The more you understand your competitors and market and customer needs, the clearer your USPs will be. This step helps contribute to the continuous MVP iterations.

The fourth step is the translation of all the previous three steps into an MVP development plan. Not just what features and functionalities allow you to appeal to your target audience’s needs and standout in your market, but more importantly, how you can future-proof your product.

The following step is to determine the key performance indicators (KPIs) you’ll use to measure progress, growth, and the success level of your MVP.

The last step in your MVP framework is determining how to attract early adopters and generate initial sales for your product. 

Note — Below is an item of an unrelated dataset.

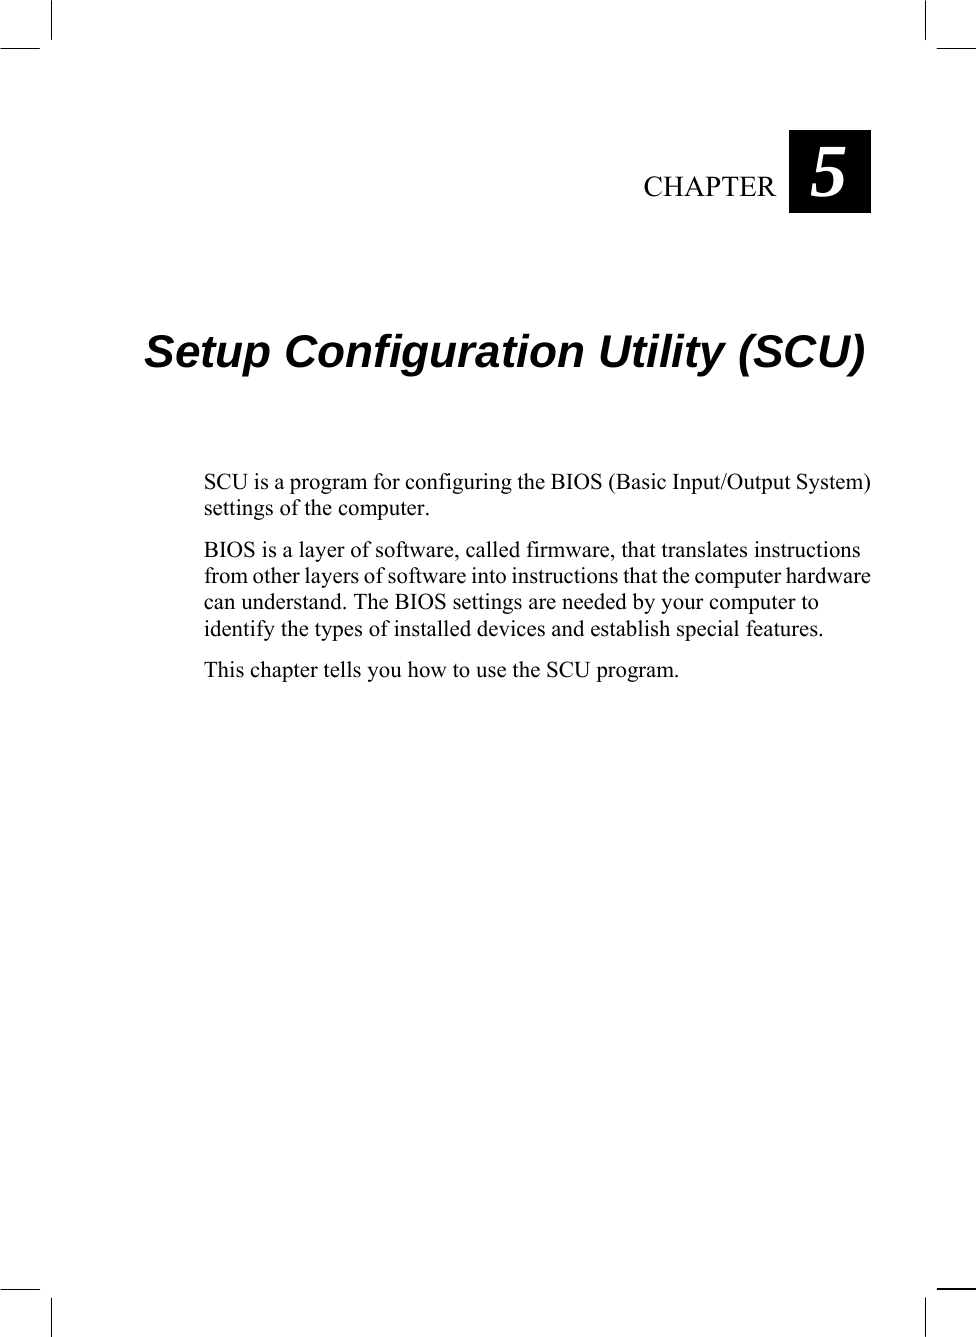   CHAPTER  5 Setup Configuration Utility (SCU) SCU is a program for configuring the BIOS (Basic Input/Output System) settings of the computer. BIOS is a layer of software, called firmware, that translates instructions from other layers of software into instructions that the computer hardware can understand. The BIOS settings are needed by your computer to identify the types of installed devices and establish special features. This chapter tells you how to use the SCU program.

Limiting the Slipper Slope

While developing your MVP, you should keep track of your costs. But remember that your MVP isn’t a cheap version of your product. You want to spend minimum resources but still offer enough features and value to generate the output you need from this product, whether it’s testing the market, expanding your customer base, attracting investors, or something else.

Finally, building and launching your MVP is only half of your MVP framework; the actual benefit comes from continuous improvements where you can test and identify where your true customer value lies, and increase that value until you have a full-fledged, successful product that allows you to lead the market, expand, and grow on a solid foundation.